One needn't discuss the tiptoe walking caveats that flood Larry-speak like a hail of packing peanuts in a distribution warehouse; ... but what the hell:
"And so we have agreed that I am speaking unofficially and not using this as an occasion to lay out the many things we're doing at Harvard to promote the crucial objective of diversity;" "and again, I am speaking completely descriptively and non-normatively;" "and this is harder to measure;" "So my sense is that the unfortunate truth-I would far prefer to believe something else, because it would be easier to address what is surely a serious social problem if something else were true;" "So, I think, while I would prefer to believe otherwise" [this last comment regards his highly controversial view of his toddler daughters' truck playing habits, his description of which which was met with a resounding hiss from the gallery]; and "They may be all wrong. I will have served my purpose if I have provoked thought on this question and provoked the marshalling of evidence to contradict what I have said."
Well, no. Unfortunately, being President of Harvard is a little bit like being a right-wing President whom the media thinks is stupid; even if you are often wrong, nothing you can say is right.
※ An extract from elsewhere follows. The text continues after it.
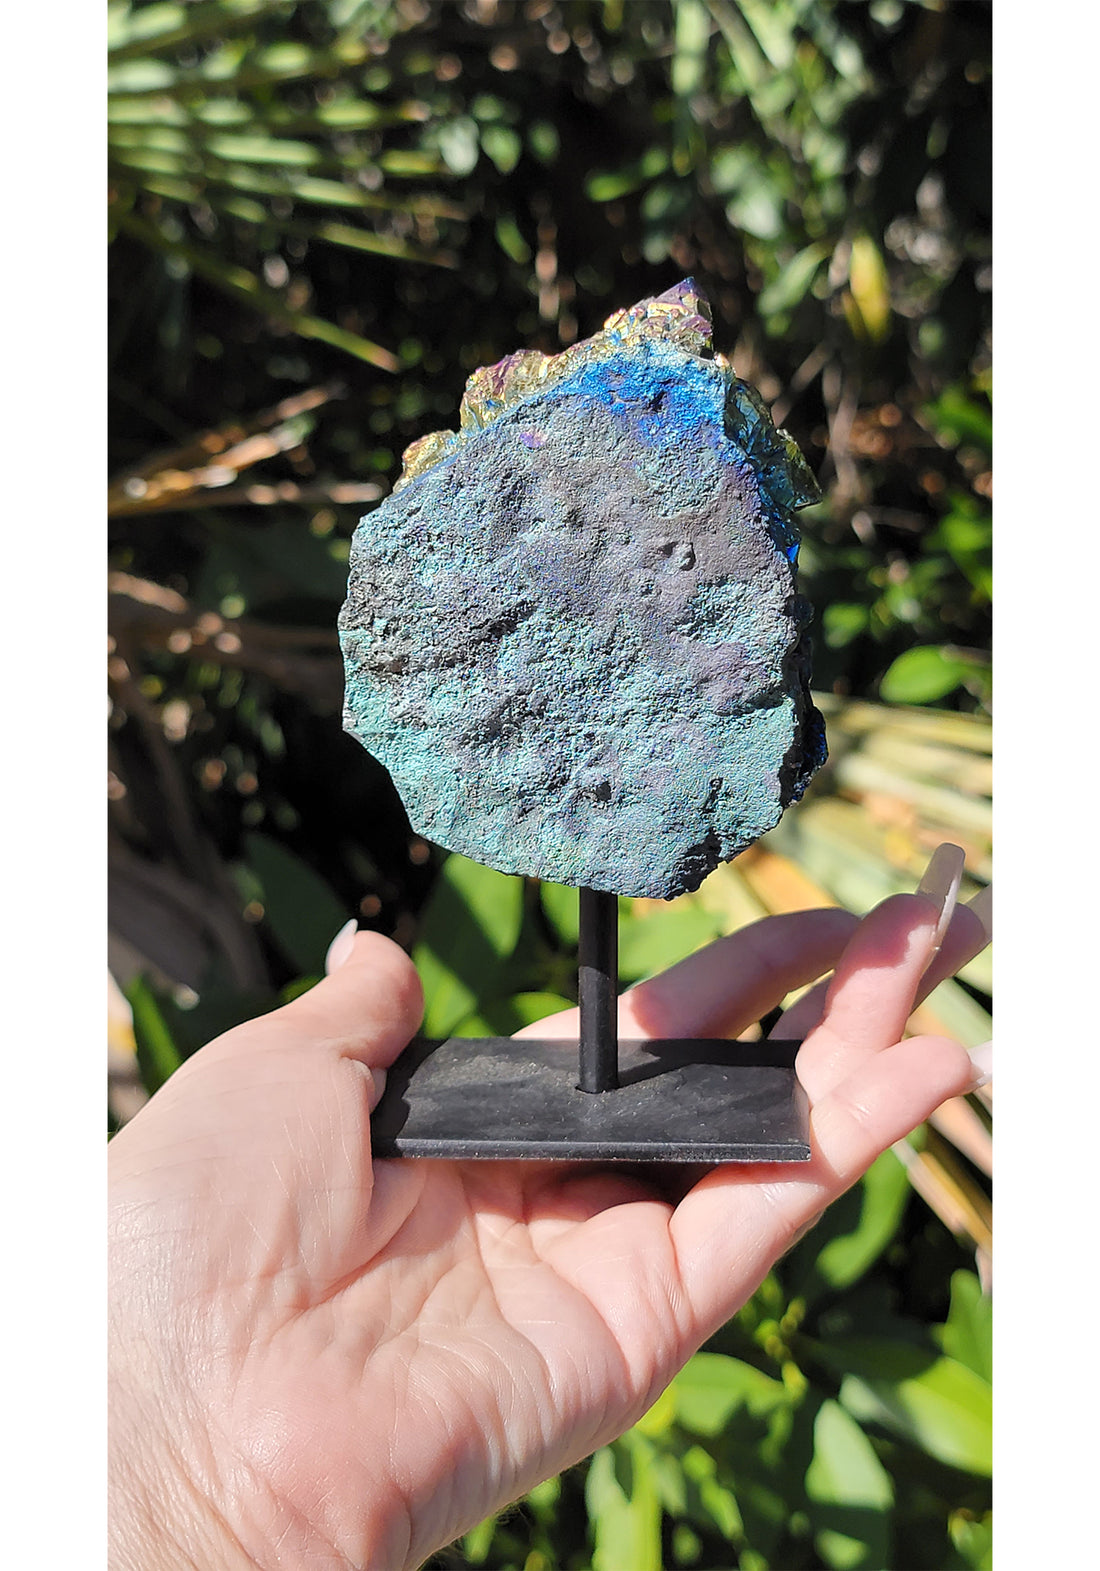 Rainbow Titanium Aura Quartz Gemstone Druzy Cluster Display 5
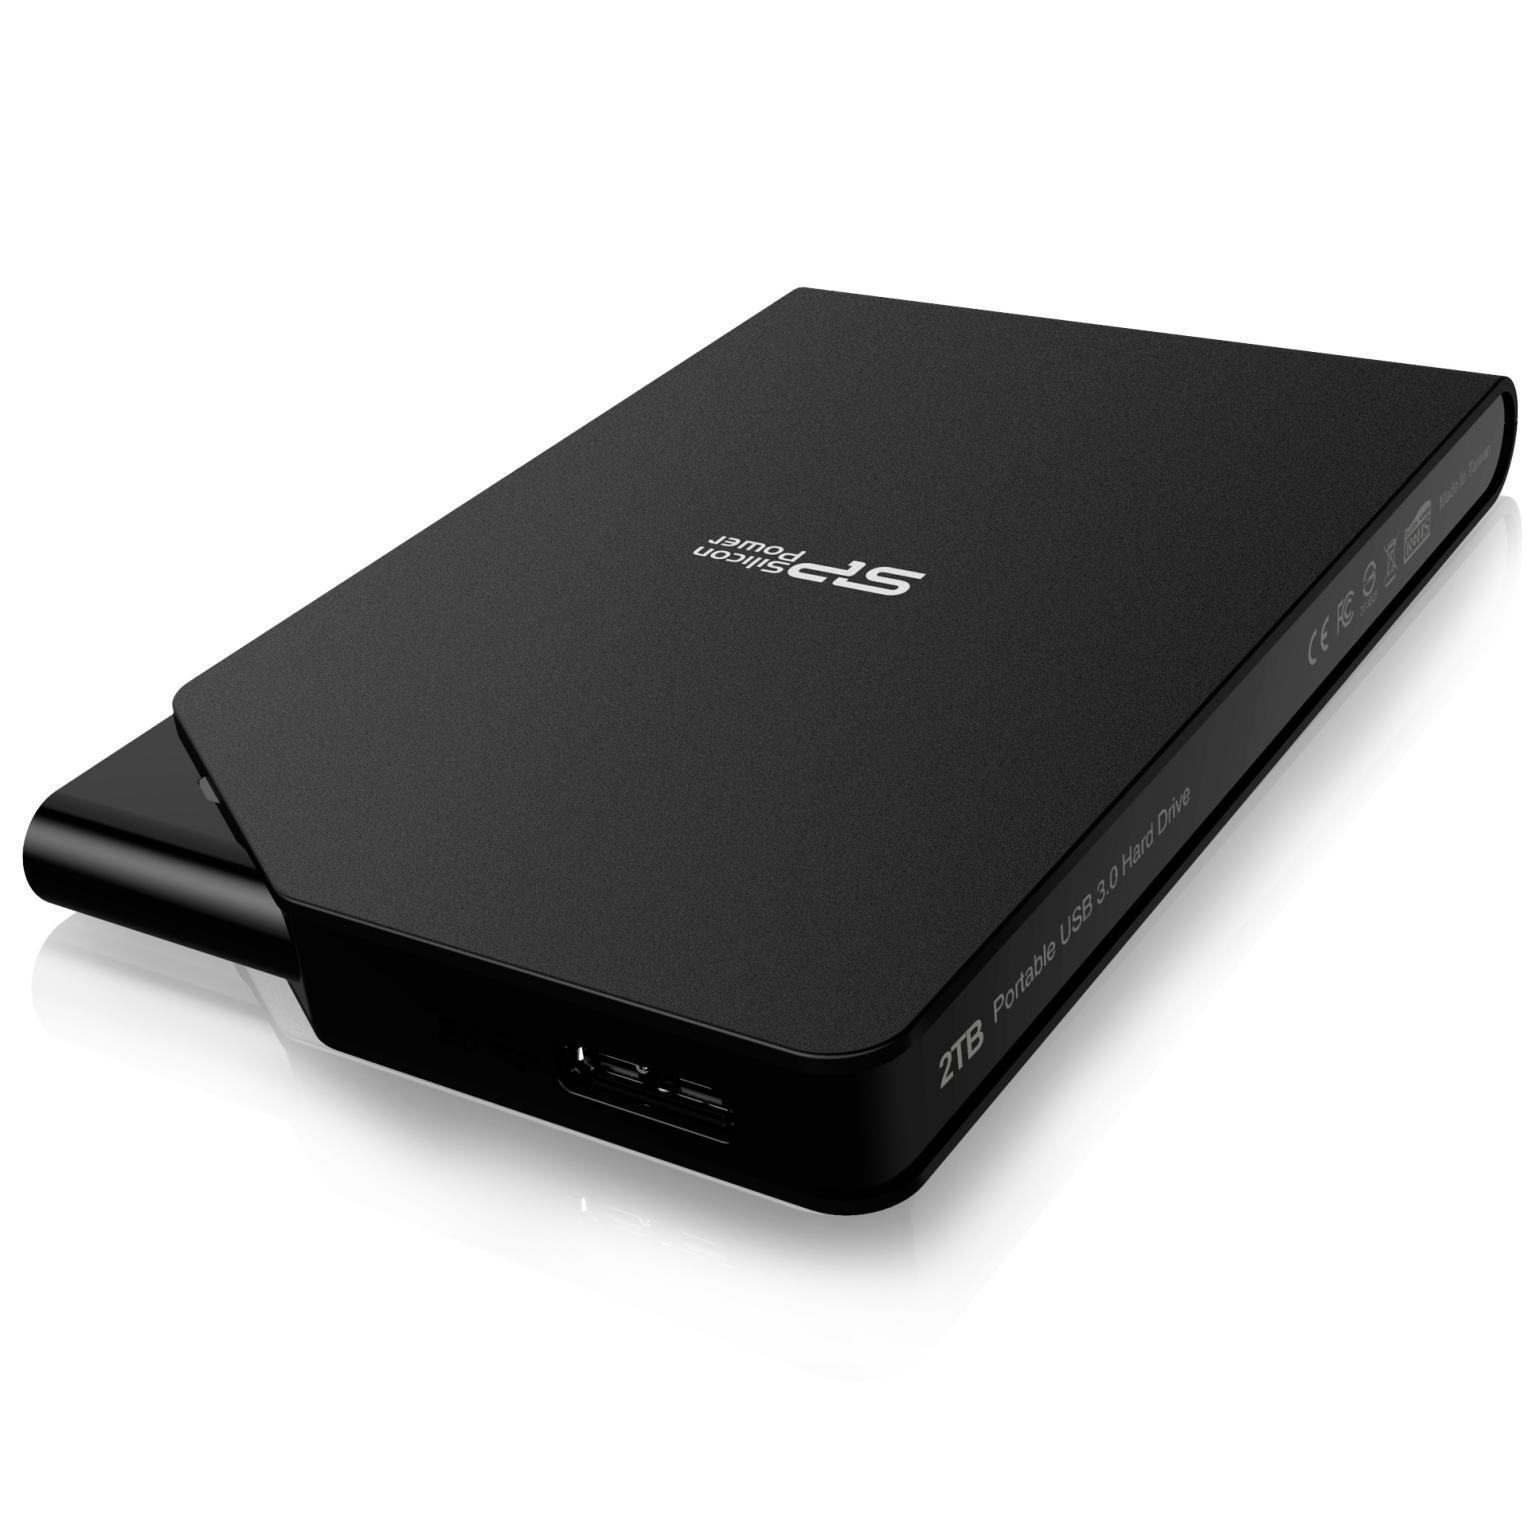 Externe harde schijf 500GB - Merk: Silicon Power 2.5'', Aansluiting: USB 3.0, Opslagcapaciteit: 500 Voeding: USB.

This fact would be sad for academic discourse (Kalven, &c.) save for the fact that the President of Harvard is not a tenured position with academic responsibilities. (As President of Harvard, you can get trashed and hire prostitutes and collapse in New York and be removed by the Officers of the University without censure because of your superlative work in fundraising. But you will still be removed. Contra, say, professors whose wives "just don't understand them" (no more one-on-one tutorials for you, sir) or who record rap CDs and go on speaking tours without taking sabbatical. This is the anti-Terra of tenure.) So this is instead sad for discourse in general.
That is, Larry probably should refrain from political speech, because even when disclaimed, his word is taken as bull. And really, his place is to be an organizational shepherd. He's a CEO of a multi-billion dollar corporation now, which means the economics scholarship has to take a hit. Doesn't matter if his speech is right or wrong, if it's not about Allston or the GSAS/FAS/HBS/HLS/KSG/HSPH/HSE budget infighting, it's distracting from his effectiveness as a leader. This is just a sad fact of business. If he were say, Dean of the Faculty, these would be much more acceptable comments: acceptable not for any change in their content, which is both unimpeachable and (pace Kalven) irrelevant, but because of their context. As a CEO, he doesn't have that luxury (or obligation).
[ed.: But doesn't being President of Harvard mean that he is the steward of an academic organization, with a moral obligation to defend academic inquiry? Defend yes, promote maybe, advance specific inquiries probably not. A Summers gaffe makes the C6 of Pravda and Pravda Jr. and Pravda: The Discovery Classroom Learning Edition (by the way, and hugely off-topic, how were there not more parodies like: "The Blair Bitch Project: A Howell Raines Horror Show: Jayson's Back for Revenge! [starring Shannon Doherty]) It doesn't make it right, but it wasn't Carly's fault that HP's non-core divisions were shitty before the Compaq merger either. It's just that strutting at Davos took everyone's eyes off the ball. Enough.]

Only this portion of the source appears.